With these archetypes and associations in mind, it is not difficult to see why Bazin and his disciples at Cahiers du cinema held up the work of American director John Ford as a key example, alongside that of Alfred Hitchcock and Howard Hawks, of their blossoming Auteur Theory. Though it was certainly not the first of its kind, the success of Ford’s Stagecoach (1939) meant that it set many of the standards by which Bazin and other critics judge the cinematic Western. Seven years later, Ford made My Darling Clementine (1946), a picture that conforms perfectly to Bazin’s formulation of the two women of the Western. The titular Clementine Carter is the Ideal Woman, a sophisticated lady from New England. The Fallen Woman is Chihuahua, a singer in the local saloon and a prostitute.
Bazin considers these basic principles to be the kernel of the drama of the Western, a stance exemplified by the plot of My Darling Clementine. Wyatt Earp (Henry Fonda) takes the job of town marshal in Tombstone, Arizona, in order to find the infamous Clantons, the men that killed his brother and rustled his cattle, forming an uneasy alliance with Doc Holliday.

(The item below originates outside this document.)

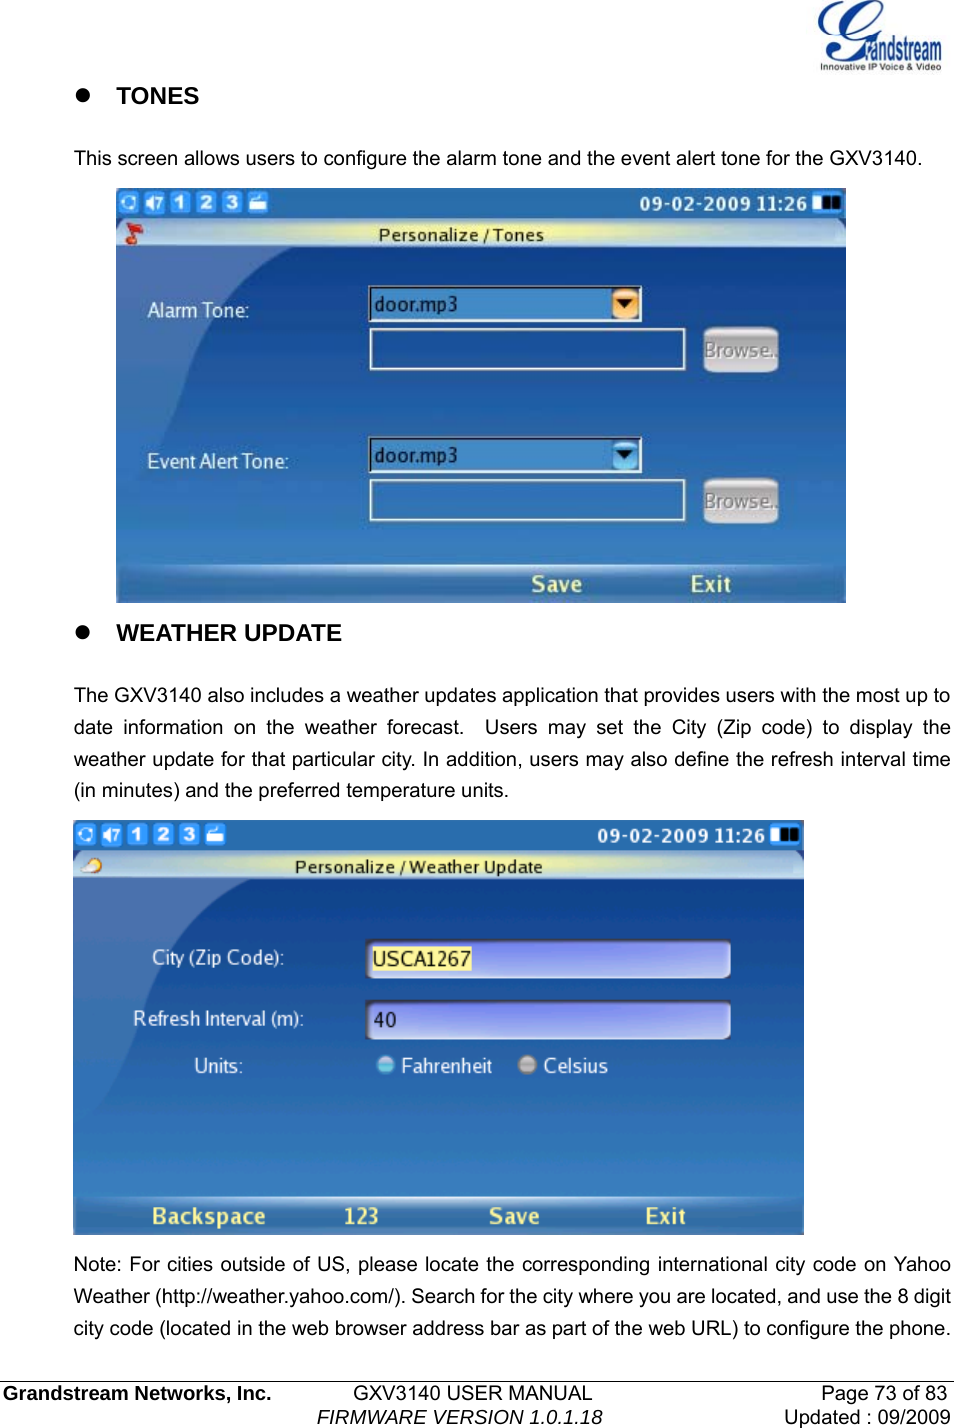   Grandstream Networks, Inc.        GXV3140 USER MANUAL                       Page 73 of 83                                FIRMWARE VERSION 1.0.1.18 Updated : 09/2009  z TONES  This screen allows users to configure the alarm tone and the event alert tone for the GXV3140.  z WEATHER UPDATE  The GXV3140 also includes a weather updates application that provides users with the most up to date information on the weather forecast.  Users may set the City (Zip code) to display the weather update for that particular city. In addition, users may also define the refresh interval time (in minutes) and the preferred temperature units.  Note: For cities outside of US, please locate the corresponding international city code on Yahoo Weather (http://weather.yahoo.com/). Search for the city where you are located, and use the 8 digit city code (located in the web browser address bar as part of the web URL) to configure the phone.

Clementine, Holliday’s former lover from his days back East, arrives in Tombstone and Earp falls in love with her, as Chihuahua falls in love with him. Culminating in the famous Gunfight at the O. K. Corral, the plot resolves according to Bazin’s specifications[2].

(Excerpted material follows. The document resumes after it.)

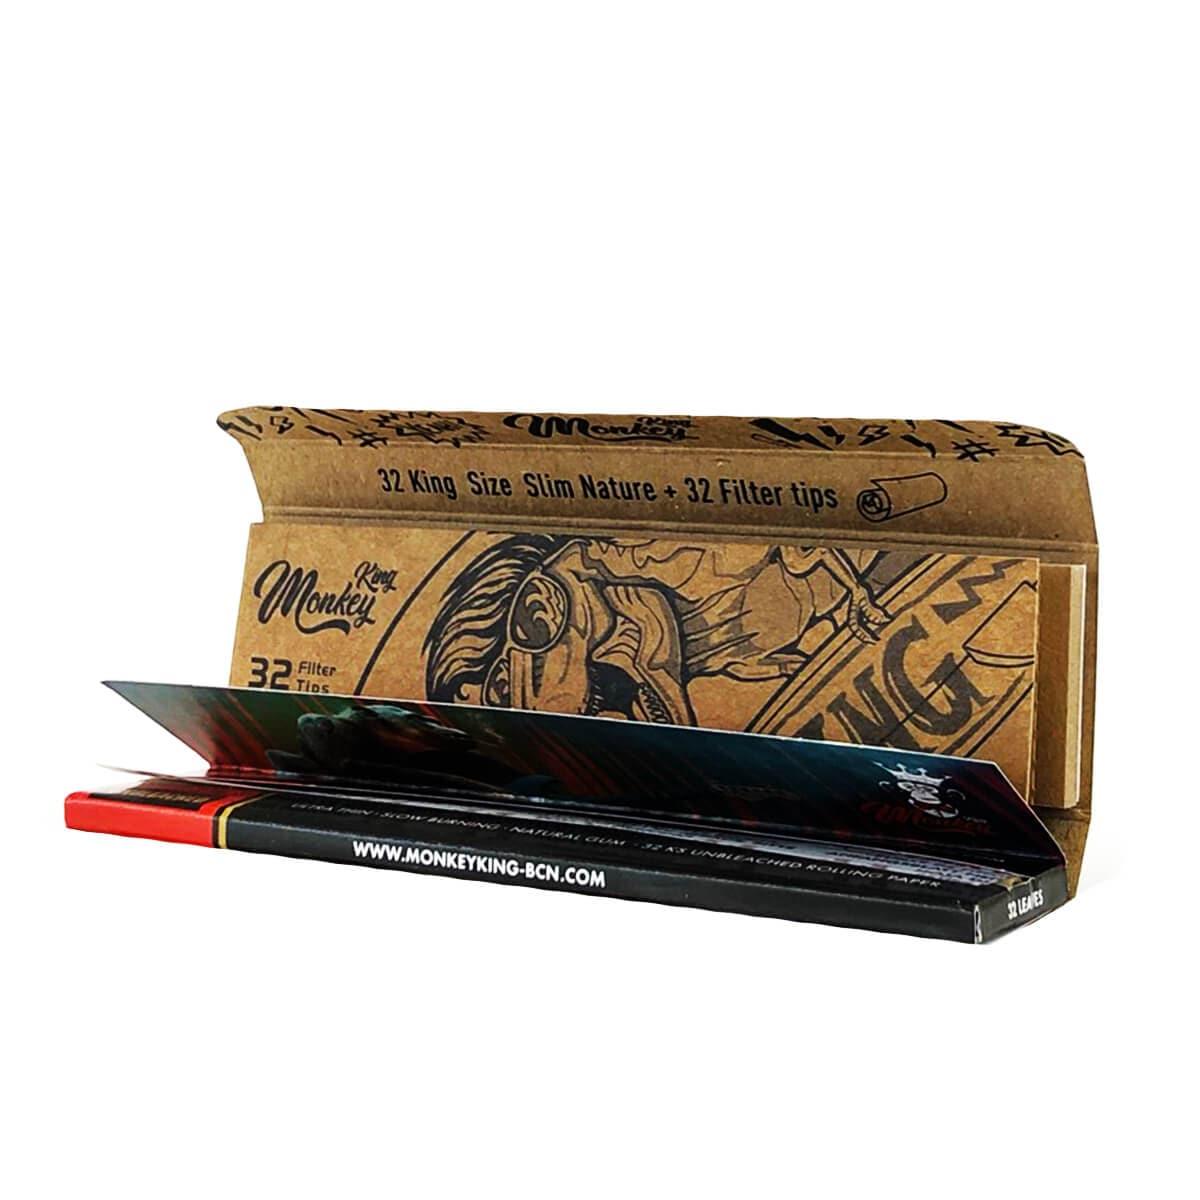 Monkey King's Woodpack Unbleached Rolling Paper + Tips - HAPPYTRAIL

This violent climax is Doc and the Earps’ last resort; the Clantons refuse a peaceful solution and must be dispatched. They, like many other savage forces before them, stand in the way of the formation of a new world in Christianity’s image. Interestingly, though, the heroic Doc Holliday also does not fit into this world. Like John Wayne’s characters in Stagecoach before and The Man Who Shot Liberty Valance (1962) after, he is a violent man, a coarse, if noble, remnant of the old world. The cleansing fire of justice purges the good and the evil alike, if they are unwilling or unable to conform to the new standards of righteousness and peace. And Bazin saw that it was good.
[1] It is also convenient at this point to note that I do not intend to imply Bazin is trying to hide any of his Christian leanings from his readers.
[2] It may be more accurate to say Bazin’s specifications were formed by this and other films like it.